New Research Advances LLM Attribution and Document Editing with Graph-Based Methods
Two new papers from arXiv present innovative approaches to improve LLM reliability: one mechanistically interprets citation faithfulness in RAG, and the other introduces a dependency-aware graph retrieval system for agentic document editing.
What Happened
Two recent preprints on arXiv propose novel methods to enhance the trustworthiness and utility of large language models (LLMs). The first, "How Do LLMs Cite? A Mechanistic Interpretation of Attribution in Retrieval-Augmented Generation," investigates how LLMs generate citations in RAG systems. It provides a mechanistic understanding of citation faithfulness, revealing how models attribute information to retrieved documents. The second, "LEDGER: Scaling Agentic Document Editing with Dependency-aware Graph Retrieval," introduces a system for editing long, structured documents while maintaining cross-references and semantic consistency. LEDGER uses a dependency-aware graph retrieval approach to ensure localized edits do not break document coherence.
Why It Matters
These papers address critical challenges in deploying LLMs for knowledge-intensive tasks. The first tackles the problem of citation faithfulness, which is essential for building trust in AI-generated content. Without reliable citations, users cannot verify information, limiting adoption in domains like journalism, law, and academia. The second paper addresses the practical need for efficient document editing, a common task in content creation and knowledge management. By preserving document structure and consistency, LEDGER enables scalable, agentic editing workflows.
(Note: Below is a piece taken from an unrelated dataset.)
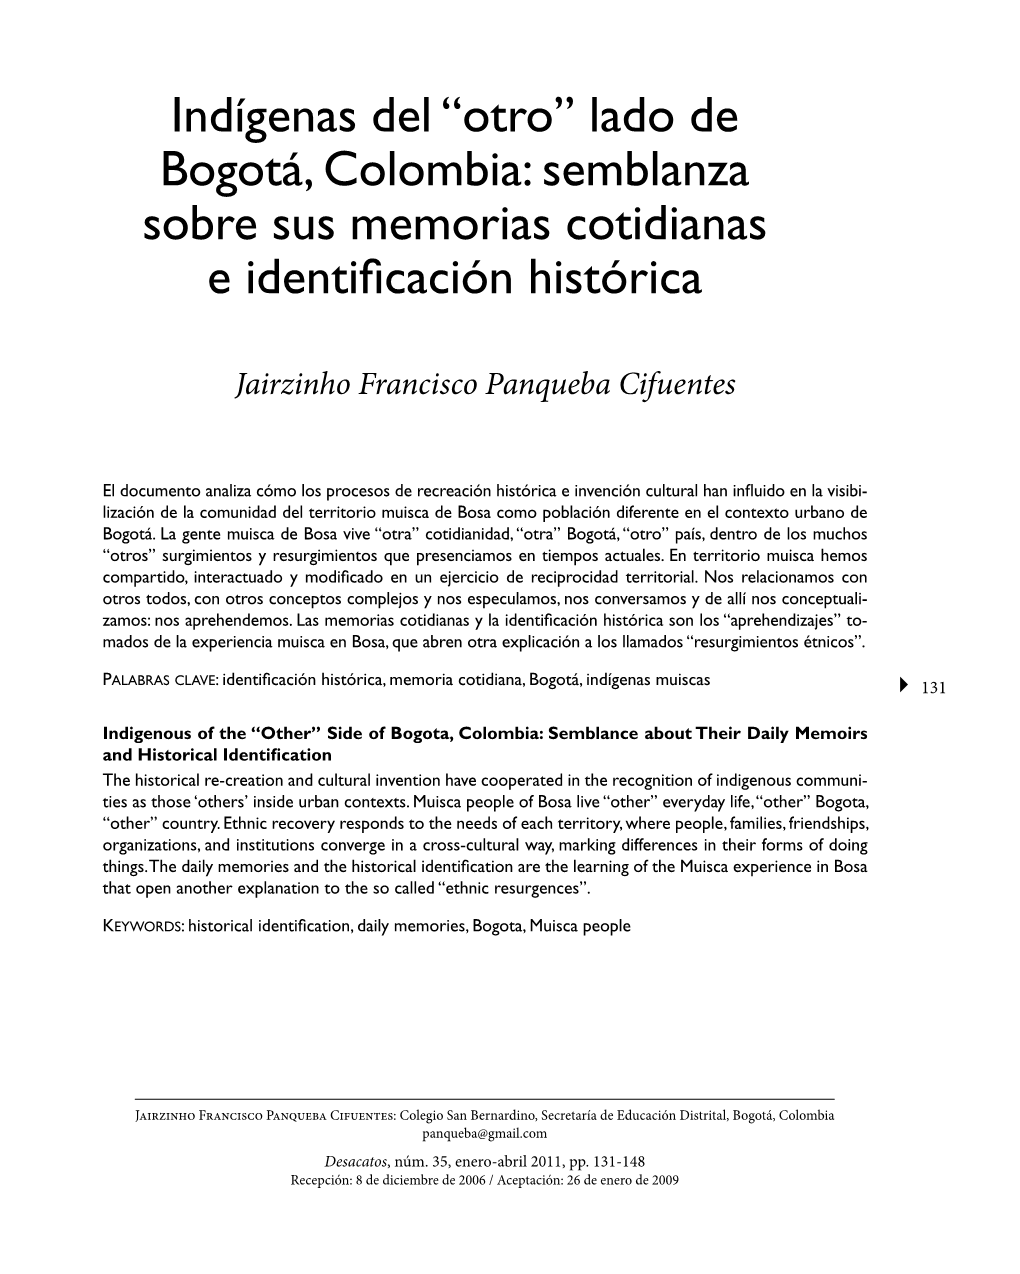 Indígenas Del “Otro” Lado De Bogotá, Colombia: Semblanza Sobre Sus Memorias Cotidianas E Identificación Histórica

Implications for AI Practitioners
For practitioners building RAG systems, the mechanistic interpretation of citation behavior offers insights into improving attribution accuracy. Understanding how models decide to cite can guide the design of better retrieval pipelines and prompt strategies. The LEDGER system provides a blueprint for developing agents that can edit complex documents without human oversight, reducing manual effort. Its dependency-aware graph retrieval could be adapted for other tasks requiring structural coherence, such as code generation or legal document drafting.
Key Takeaways
- Mechanistic analysis of LLM citation can improve RAG system faithfulness and user trust.
- LEDGER's dependency-aware graph retrieval enables scalable, consistent document editing.
- Both approaches address real-world deployment challenges for LLMs in knowledge work.
- Practitioners can leverage these insights to build more reliable and efficient AI systems.